I am a Ford truck man but come on.... If you can't back a trailer, DONT PULL A TRAILER.


----------



## cornshucker (Aug 22, 2011)

If someone can't take time to learn to back a trailer then don't pull it. Drivers should have to do a three point turn and parallel park to get their license. Made our kids (girl and boy) learn to back a trailer. Also won't let them use GPS when finding places fairly close to home, GPS another breeder of stupidity good when used in the right way but don't ever get dependent on a damn machine that can quit in the blink of an eye I know some teenage boys I don't think can find the men's room without the GPS on their Iphone this trailer backing device is just for them. Agree completely with Deadmoose Personally I like to see people who work to learn new things get ahead of people who depend on all of the latest technology or always take the easy way out.


----------



## JD3430 (Jan 1, 2012)

cornshucker said:


> If someone can't take time to learn to back a trailer then don't pull it. Drivers should have to do a three point turn and parallel park to get their license. Made our kids (girl and boy) learn to back a trailer. Also won't let them use GPS when finding places fairly close to home, GPS another breeder of stupidity good when used in the right way but don't ever get dependent on a damn machine that can quit in the blink of an eye I know some teenage boys I don't think can find the men's room without the GPS on their Iphone this trailer backing device is just for them. Agree completely with Deadmoose Personally I like to see people who work to learn new things get ahead of people who depend on all of the latest technology or always take the easy way out.

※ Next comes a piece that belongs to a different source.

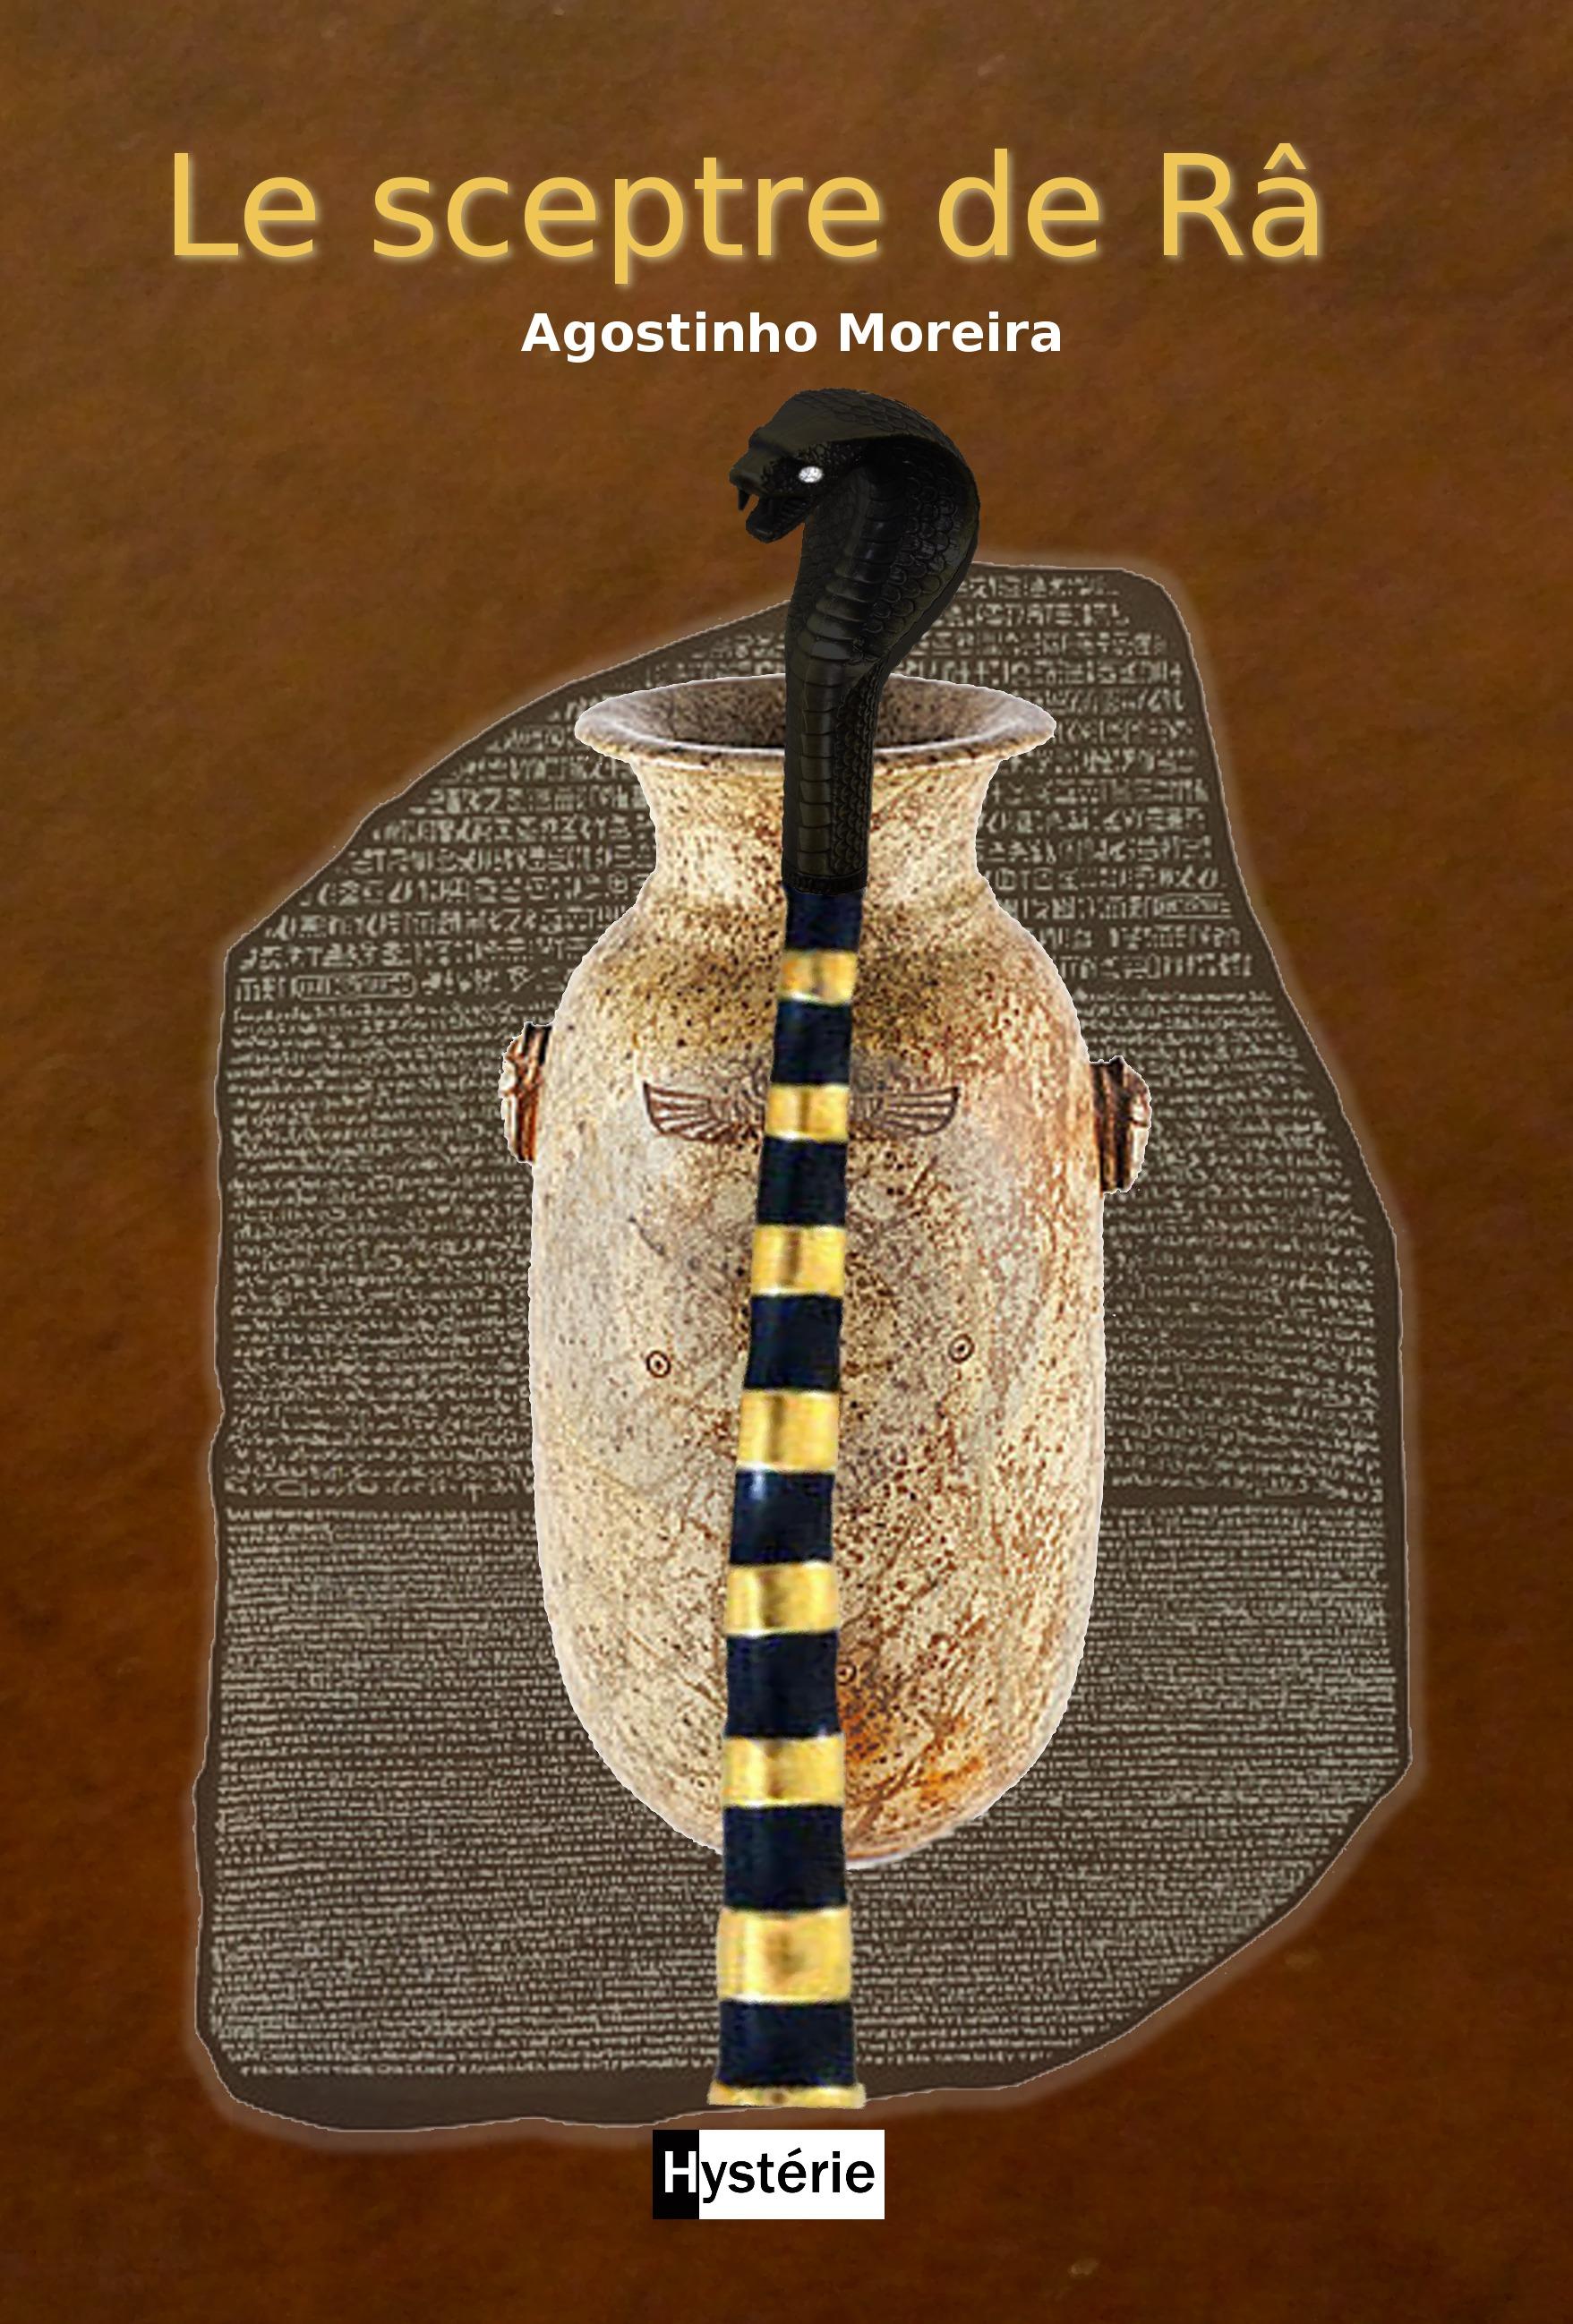 Le sceptre de Ra

When I took my CDL test about 30 years ago, I was soaked with sweat. My instructor said "one trip over a white or yellow line costs you 5 points" (out of a possible 100) 80 was the minimum to pass. Had to pull over on busy highway and set up for a flat tire, state the text of every road sign and what it meant while driving. Both hands on wheel. 5 points everytime one hand on wheel except for shifting or signaling. Backing the trailer to the dock was about all I could handle back then. 
I have to admit, I would struggle with passing air brake test with 100% right now.


----------



## mlappin (Jun 25, 2009)

Yep, if you can't back it up, you have no business pulling it forwards either.

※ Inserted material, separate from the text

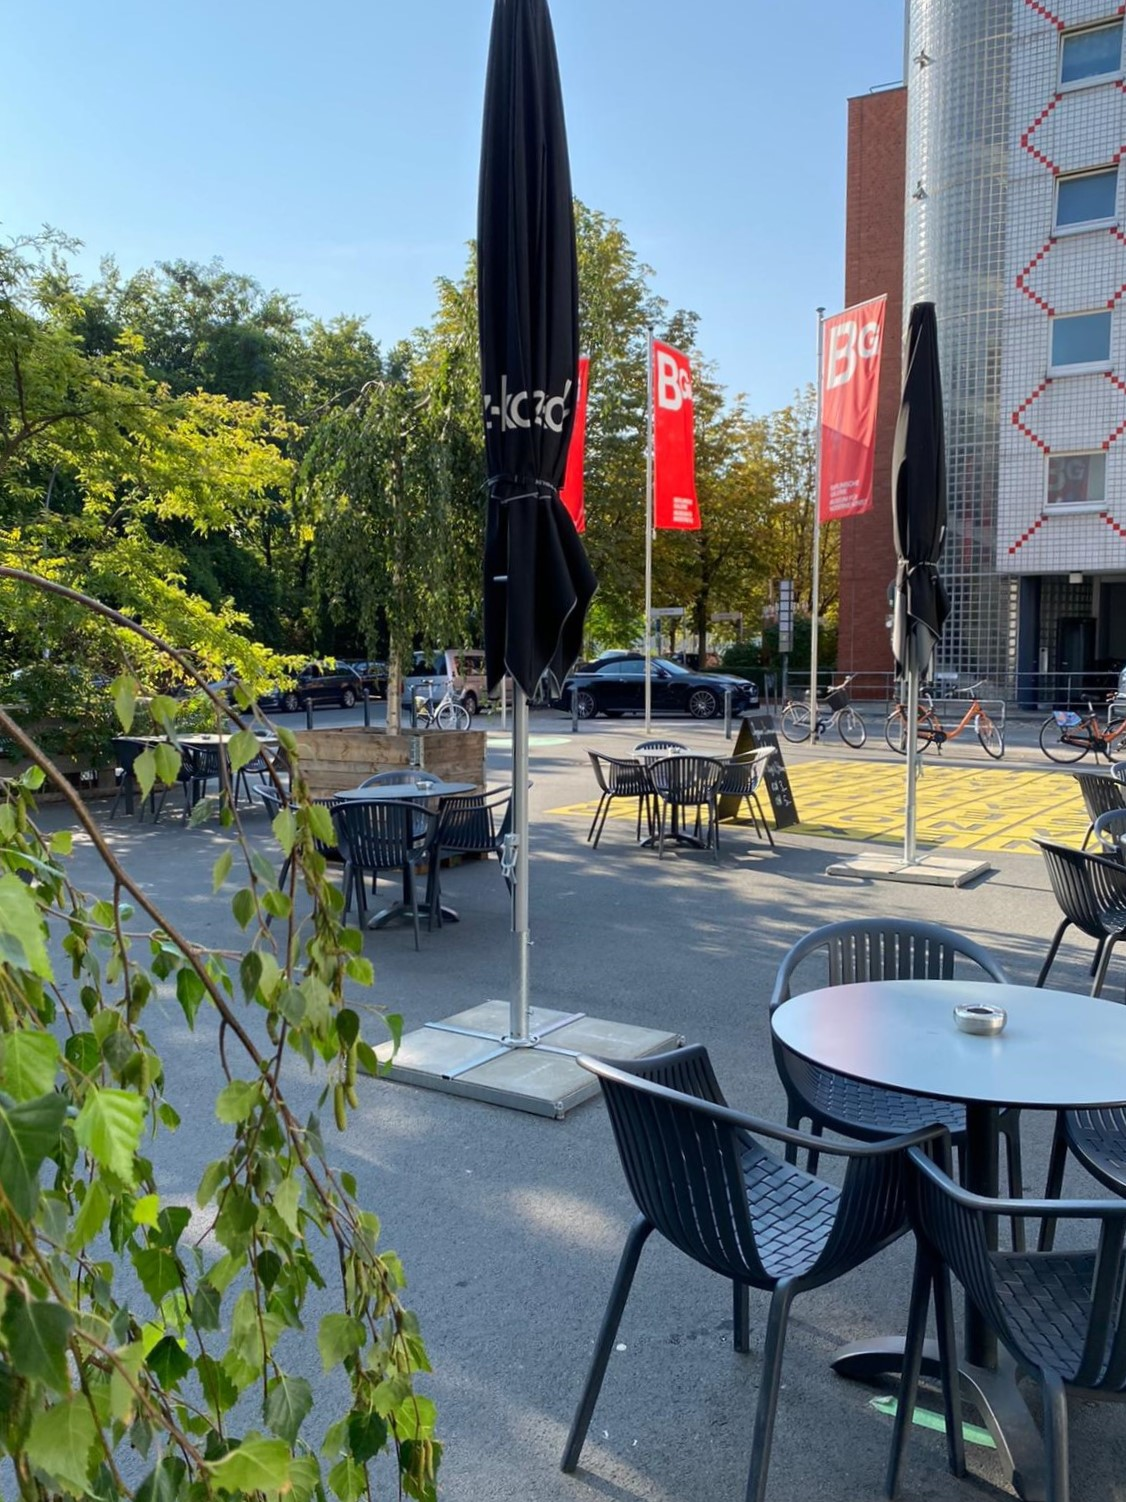 Cafe-Dix-in-Kreuzberg-mit-Terrasse-2

Dad has talked about replacing the old grain trucks with ones with automatics so it'd be easier to find help in the fall to drive em, I told him if they can't shift em they don't need to be driving a large truck.


----------



## Grateful11 (Apr 5, 2009)

OT: On the GPS thing, we have one truck that has it built-in and it works better than any I've seen yet but I still don't trust it entirely. I know how to read a map. I was always the one in the front seat of the car in the middle as there was usually Mom and Dad and my brother and 2 sisters there too and I was the youngest. They always seemed to hand me the map or I would look at it while Mom was looking at it and Dad done all the driving. I also know how to track a runaway shot deer, my late Dad taught me how to do that, I found more than one after everyone else had given up. Never got lost in the woods. Amazes me at the number of people that once in a store or parking lot they lose all sense of direction.


----------



## 8350HiTech (Jul 26, 2013)

I just don't understand the attitude here. It's basically "do it the way grandpao did or it's not right". Things change. Someone came up with an invention. Innovation isn't going to stop. The world isn't going to suddenly experience more trailer accidents.


----------



## Mike120 (May 4, 2009)

Teslan said:


> I was talking yesterday to a cousin who drives vehicles around for the local Ford Dealer. He said the new F150s shut down at stop lights and such then when you take your foot off the brake they start up fast and go. He says it was just like what the hybrids do. But very disconcerting the first time he transported one. He thought it stalled. I'm just not sure if its good for a truck to start every time you stop.


Last week I was in Denmark and I noticed that all of the diesel Mercedes Taxis did that. One of the drivers told me it was linked to the brakes. It shuts down after a stop and fires back up when you let your foot off. I was surprised how smooth it was, The guy told me that there was a significant fuel savings with it because of the stop and go traffic in Copenhagen. This week was the first week where I've had to go into my office all week during the Houston rush hour traffic in a number of years and it reduced my average by over 2 MPG.


----------



## Mike120 (May 4, 2009)

8350HiTech said:


> I just don't understand the attitude here. It's basically "do it the way grandpao did or it's not right". Things change. Someone came up with an invention. The world isn't going to suddenly experience more trailer accidents.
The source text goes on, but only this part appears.